For homeowners’ associations whose assessment allocations are based on square footage of units, problems may arise if the developer used incorrect square footages in the calculations and an owner discovers such discrepancy (especially if the owner is paying a higher assessment than they would otherwise).  Owners who discover such discrepancies will likely complain to the board and/or manager, oftentimes demand a refund, and typically threaten legal action if the problem is not corrected.

When faced with this situation, the first impulse might be to create a new set of allocations using correct square footage and start assessing owners based on the corrected calculations.  However, doing so, would in most cases, constitute a violation of the declaration and expose the association to liability for failing to follow the declaration as it was written.

Declarations that base assessments on square footage (or other formula), typically contain exhibits setting forth a specified percentage allocation for each unit.  Whether or not such allocations are based on correct square footage (or other) calculations, is generally irrelevant because associations are required to follow the allocations as they are written in the declaration regardless of whether they are correctly calculated.

Unfortunately, correction of these discrepancies must occur through the declaration amendment process.  In other words, the board must propose a declaration amendment to the owners and obtain the requisite owner approval to correct the inaccurate allocations.

Prior to presenting a declaration amendment to its members, the correct square footages for the units must be determined.  In fact, it may be necessary to check the square footage of all units (if feasible) to ensure the proposed new allocations are accurate.   Oftentimes, square footage can be found on the county assessor’s website, but other options also exist such as retaining a surveyor.

Once the correct square footage has been determined, an amended exhibit to the declaration must be prepared setting forth the new and correct allocations.  Pursuant to Colorado law, a declaration amendment seeking to change allocated interests requires approval from owners representing at least 67% of the total votes in the association, or any higher percentage that may be specified in the declaration itself.

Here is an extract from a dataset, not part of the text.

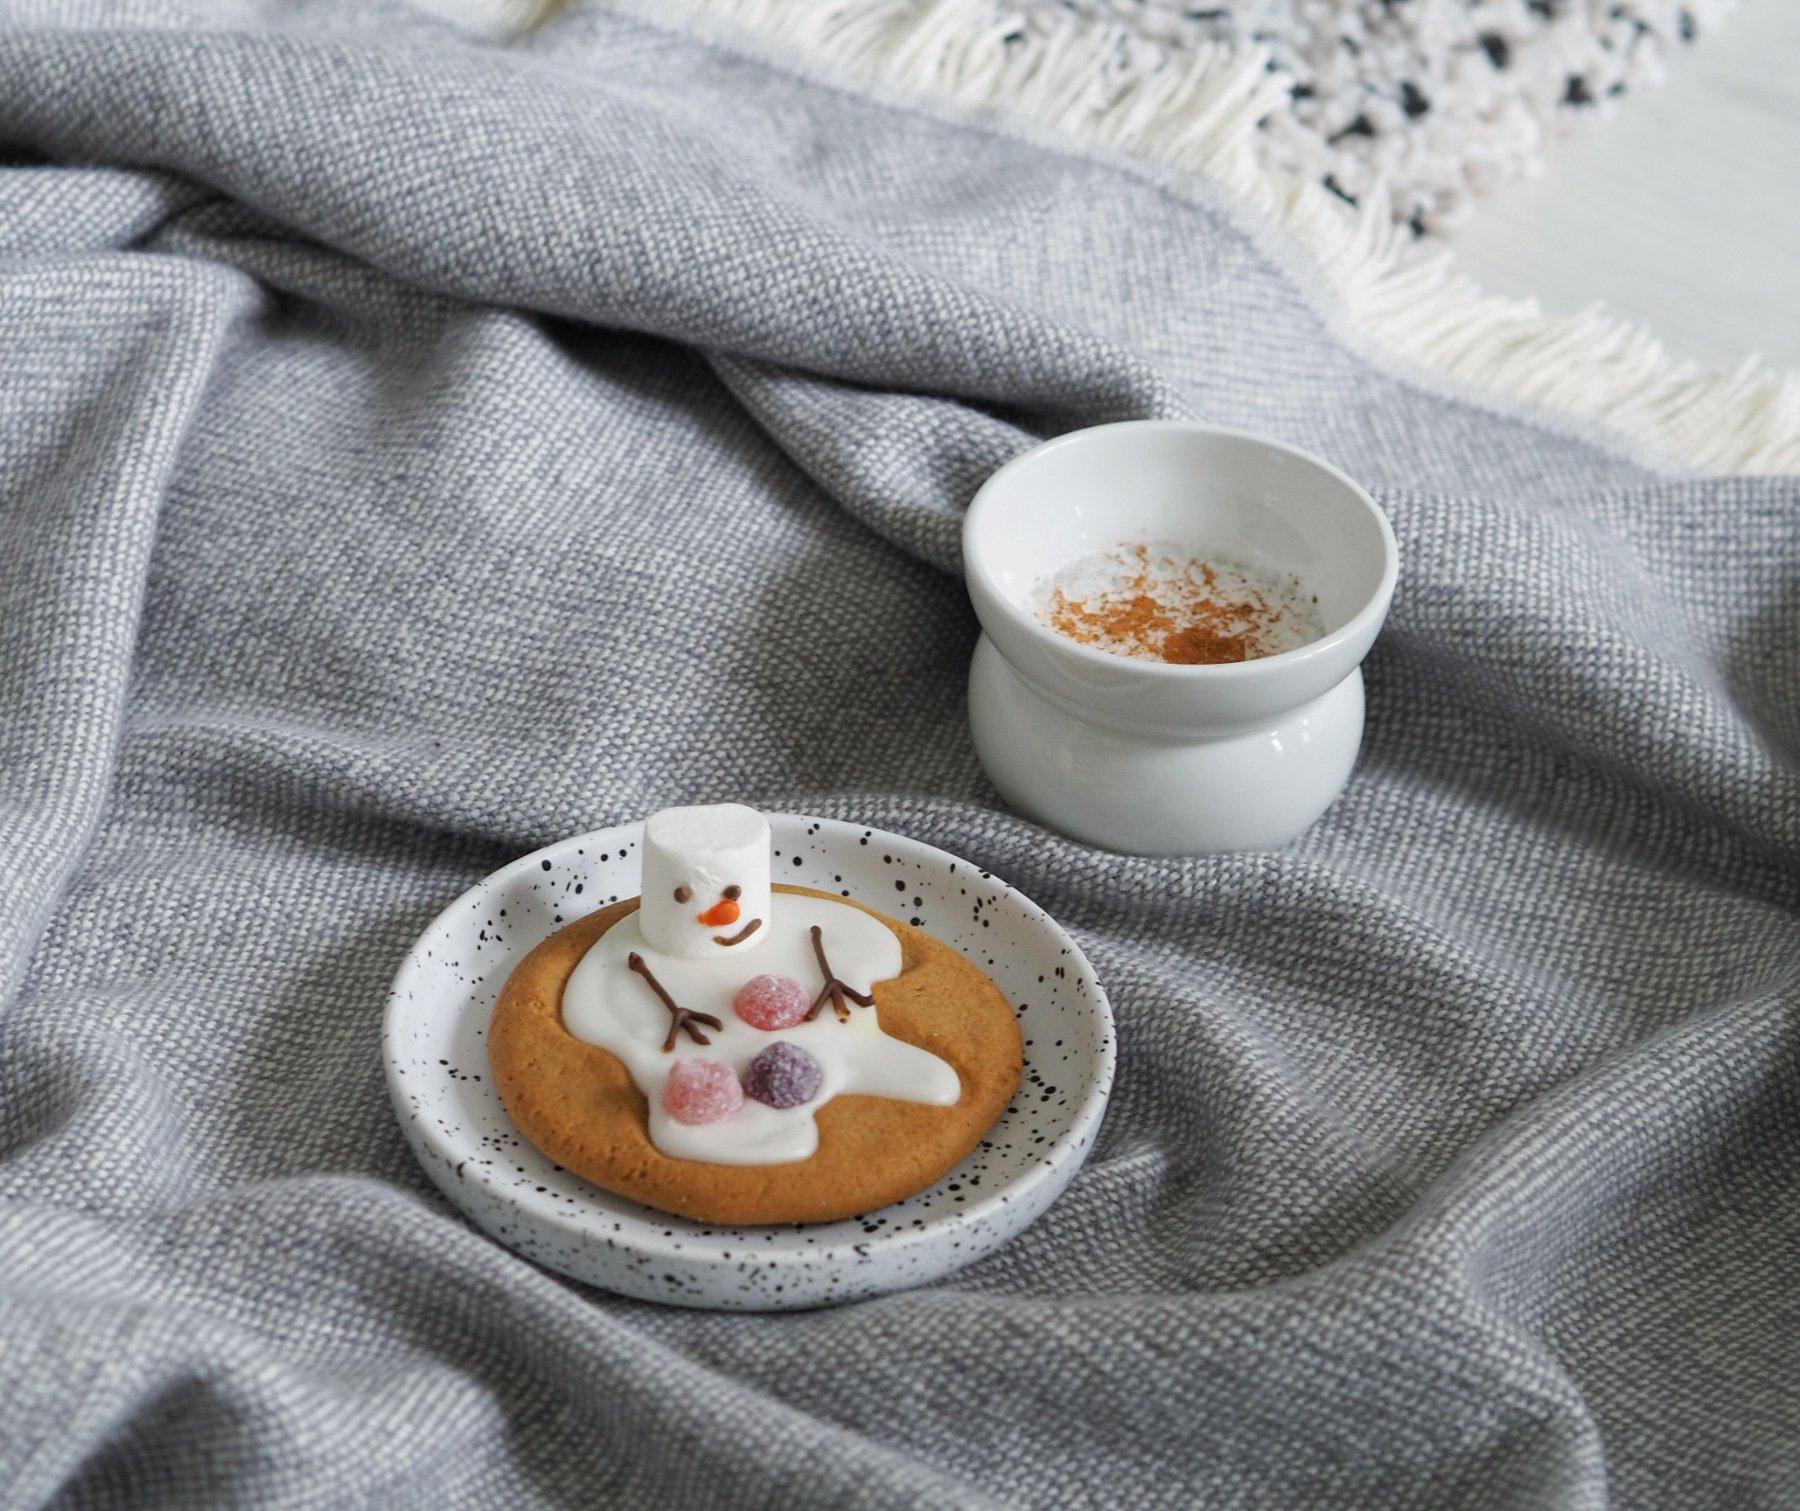 emracing winter scandinavian lifestyle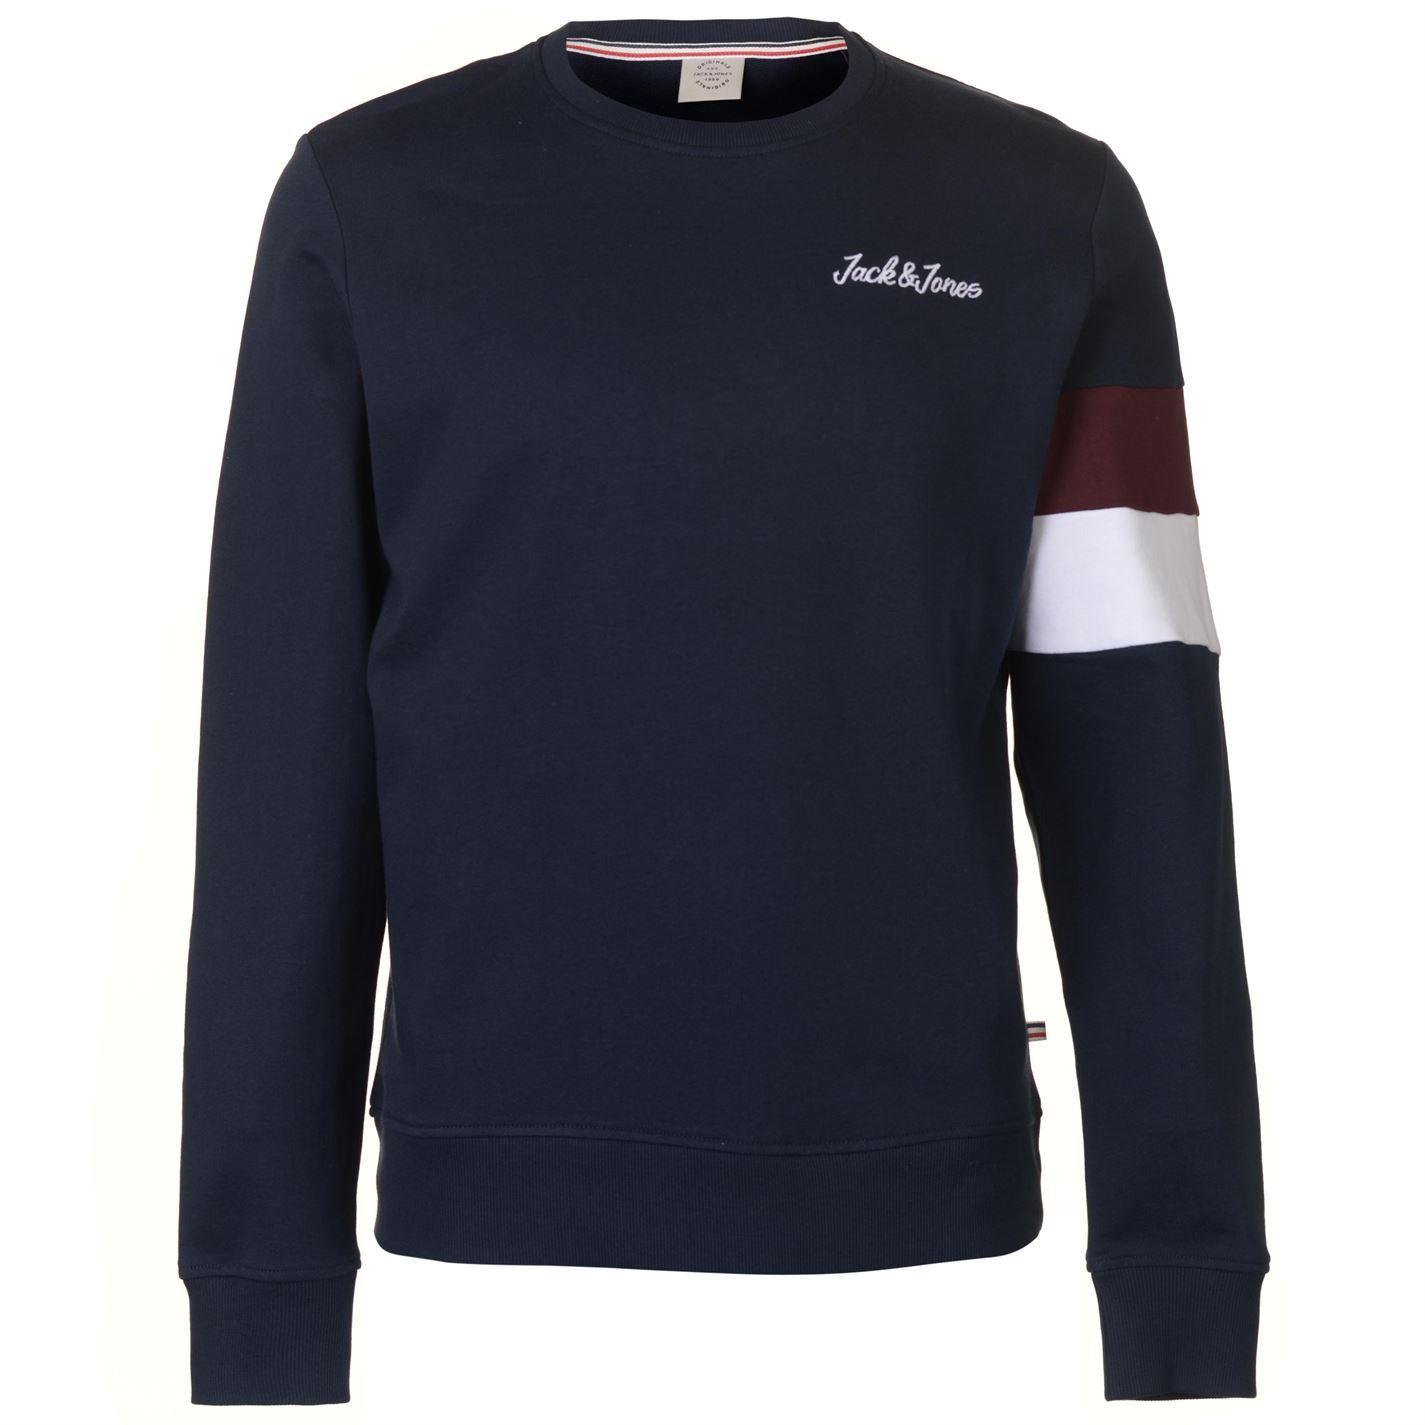 Crew Haut Pull Originals Jorwinks Pour Sweater Homme JackJones à wXuZTOkiP

Notwithstanding the above, it is important to remember there is no legal requirement for incorrect allocations to be corrected via amendment.  It is perfectly lawful to leave the allocations as they are written and continue to utilize such allocations.

In sum, if a square footage discrepancy is brought to the board’s attention, the board has discretion to determine whether to present a declaration amendment to correct the discrepancy.  So long as the association is levying assessments pursuant to its covenants, the association should be protected from liability.